Whether the outcome of the US-led invasion of Iraq will be constructive political turmoil leading to serious reform in obdurate autocracies, such as Egypt, Syria and Tunisia, or more horrific bloodshed and instability as Iraq plunges further into civil war, is a pertinent--and still unanswered--question. Although I opposed the invasion, my sense is that the political terms of reference have changed dramatically, if only because the United States and other Western states have been forced to acknowledge that the Islamist parties are the major opposition force in the region. Fanciful presumptions about secular oppositionists have been shelved, at least for now. As the recent elections in both Iraq and Egypt reveal, the Islamist parties will be an indelible component in whatever new equilibrium emerges in the region's political systems. Oddly, for all that Fisk has to say about the errors, deceptions and missteps of US policy, he sheds scant light on the possible future of regional politics, other than showing how America's policies have been a boon to followers of Osama bin Laden. Given his long years in the Middle East, it is surprising that his book lacks a serious assessment of how the region might be affected by America's Iraq adventure.
Then again, Fisk is not offering a volume of prognostication but a work of memory. And if there is one clear lesson of this book, it is that while wars, crusades and terror may erase people, memories and the quest for retributive justice are not so easily extinguished. In his reporting on the region's wars, Fisk has waged a campaign against forgetting and deliberate amnesia.
Fisk arrived in Beirut in 1976, at the age of 29, to report on the year-old civil war. Thirty years later, he is still there. While some of his contemporaries, notably John Bulloch, Kamal Salibi, Jonathan Randal, Ehud Ya'ari and Ze'ev Schiff have produced important accounts of major phases of the Lebanon conflicts, no journalist, or scholar for that matter, can match the breadth, nuance or tenacity of Fisk's meticulous history of Lebanon's fifteen-year civil war, Pity the Nation. Fisk was one of the first reporters to enter Sabra and Shatila, the Beirut camps where, in September 1982, as many as 1,000 Palestinian refugees and displaced Lebanese Muslims were massacred at the hands of Christian militiamen allied with Israel. The atrocities that occurred in the camps left a deep imprint on Fisk's psyche, and he has often recalled those gruesome scenes, emphasizing the integral role that Israeli officials, including then-Defense Minister Ariel Sharon, played in permitting the killings as well as in the subsequent disappearance of as many as 1,800 Arab, mostly Palestinian, male prisoners, who were turned over to the Christian Phalange. Most have never been seen again. On September 11, 2001, Fisk was on a flight to the United States, and he was putting the final touches on a story revisiting the 1982 massacres.

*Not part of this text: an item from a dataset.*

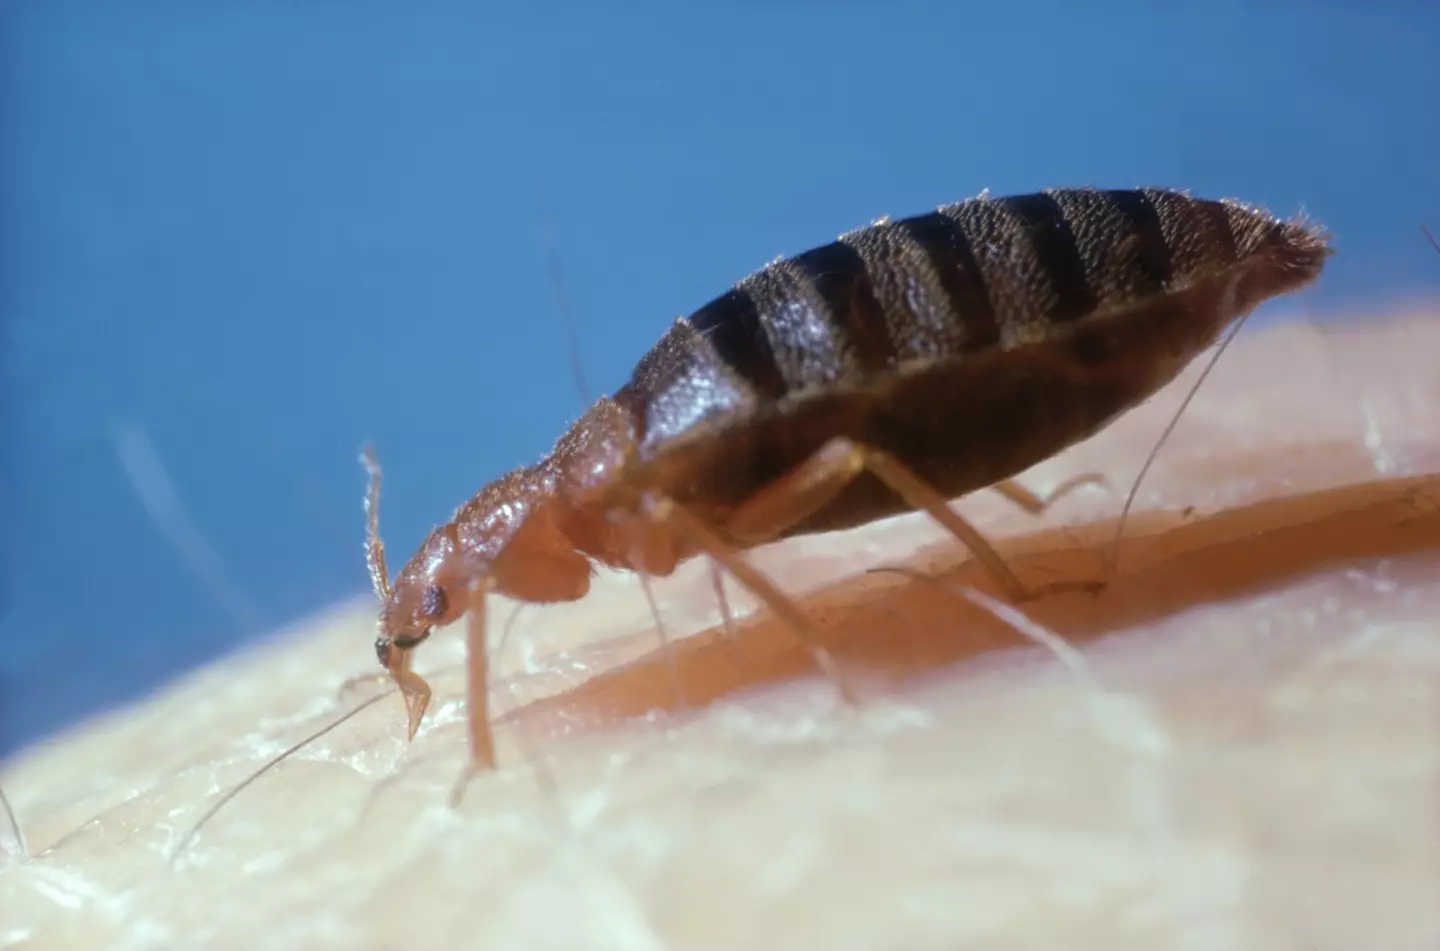 Unfortunately, bed bugs are already in the UK.

His eventful career spans two Israeli invasions, the rise and fall of Syrian suzerainty in Lebanon, the eight-year war launched when Iraq invaded Iran in 1980, the defeat of the Soviet army in Afghanistan, the Algerian civil war, the Israeli-Palestinian conflict, Iraq's invasion of Kuwait and, of course, September 11 and its aftermath. During the civil war in Algeria, which erupted in 1992 after the army canceled elections the Islamists were poised to win, Fisk was one of the few reporters writing for an English-language paper to report from the ravaged former French colony, where perhaps 200,000 died at the hands of government forces or Islamist insurgents. His seventy-page chapter encompassing Algeria's victorious revolution to break free of Paris, the accelerating decay of the authoritarian single-party state that emerged in 1962 and the calamitous civil war that raged for most of the 1990s could easily be a fine stand-alone essay on a society nearly eviscerated by violence.
Fisk's writing has always been notable for its graphic depictions of violence. He jerks our heads and forces us to gaze upon disemboweled corpses, decimated families and the anguish of war's victims, as if he wanted to infuse our nostrils with the secondhand stench of death. He has no patience for the Gameboy euphemisms--target-rich environments, collateral damage, surgical strikes--so favored by cable news coverage of America's wars.

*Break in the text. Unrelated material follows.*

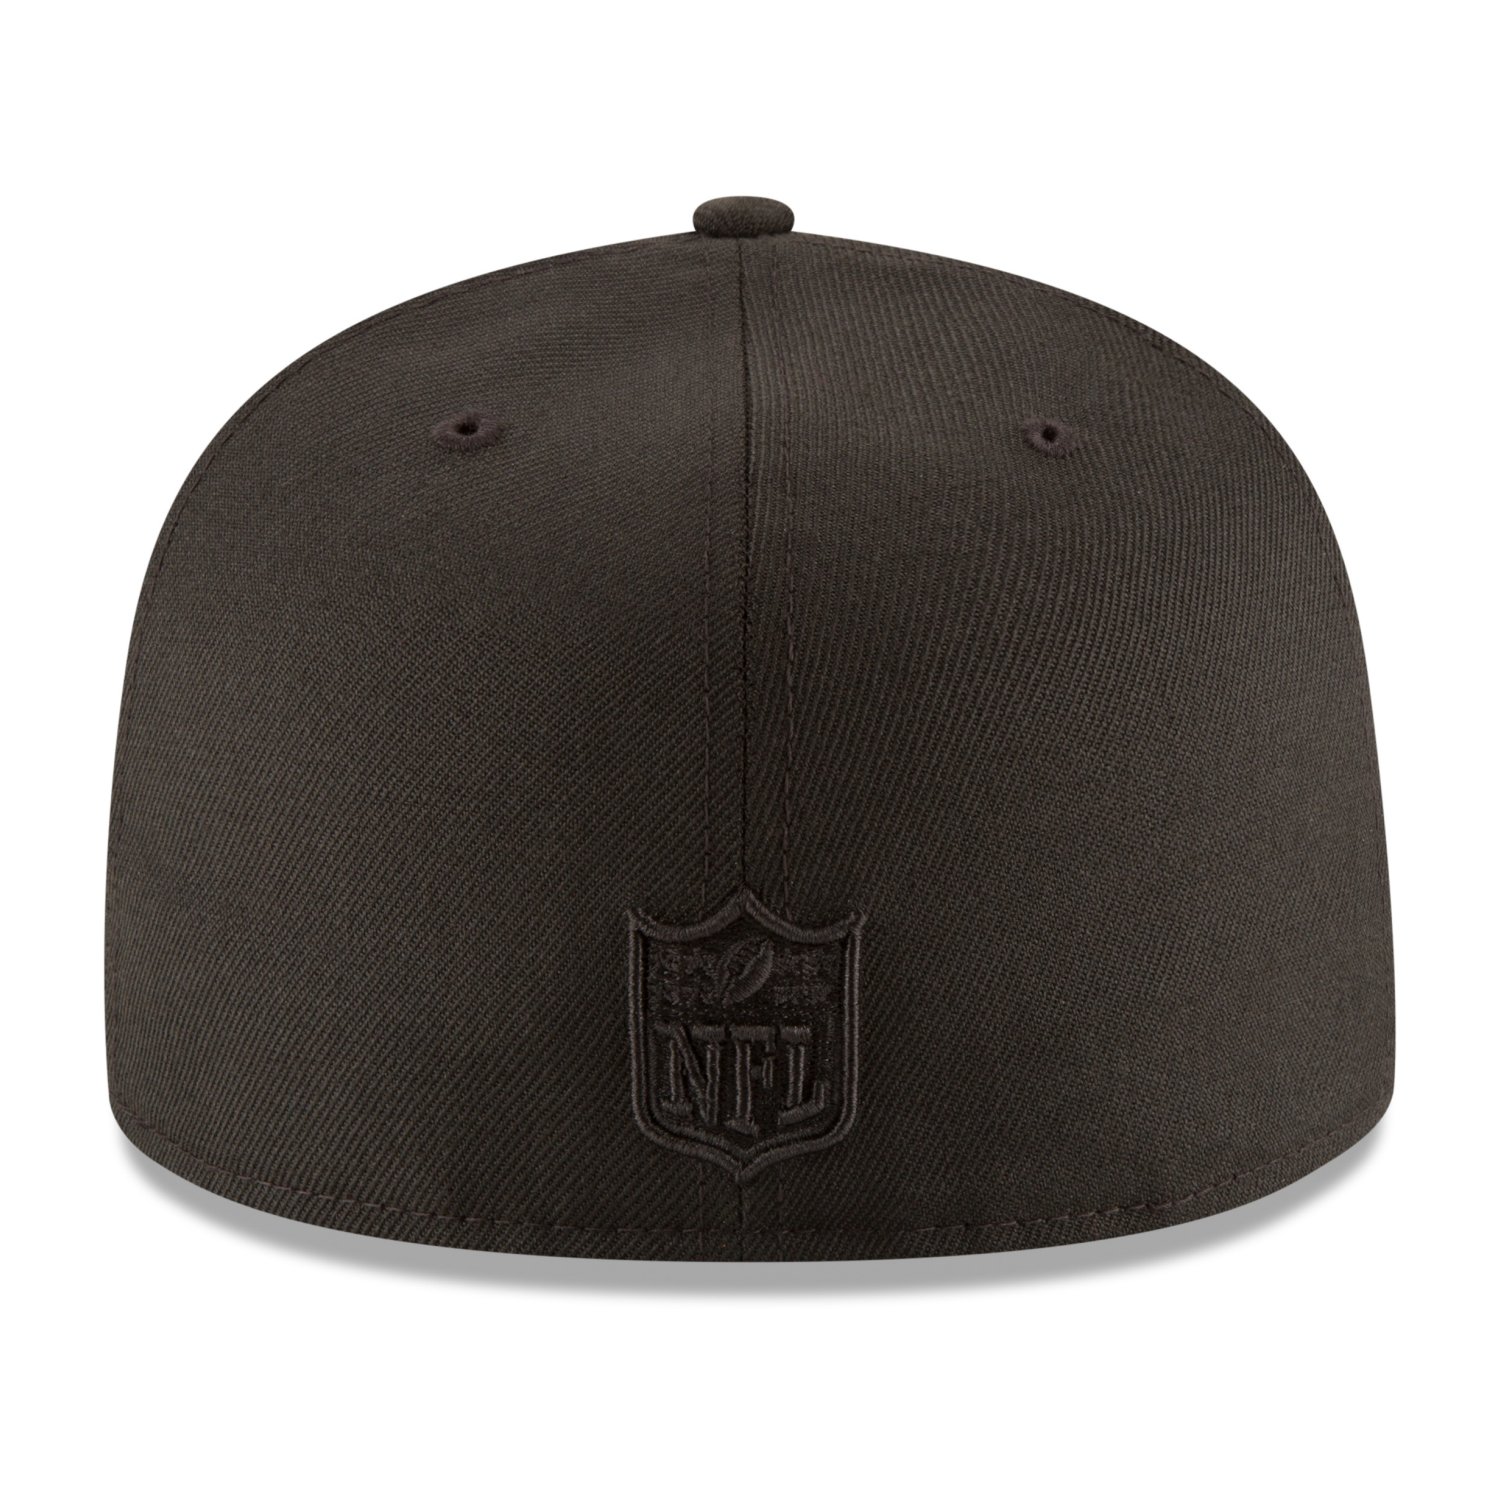 New Era 59Fifty Cap - NFL BLACK Cleveland Browns | Fitted | Caps ...

Although it is not his intention, Fisk's parade of dreadfully suffering victims can lead to a kind of numbing war porn. "Please stop," I found myself muttering, "you've made your point." He notes that "war is also a vicarious, painful, attractive, unique experience for a journalist. Somehow that narcotic has to be burned off. If it's not, the journalist may well die." Perhaps Fisk is himself addicted to war. I suspect that he needs to feed the habit.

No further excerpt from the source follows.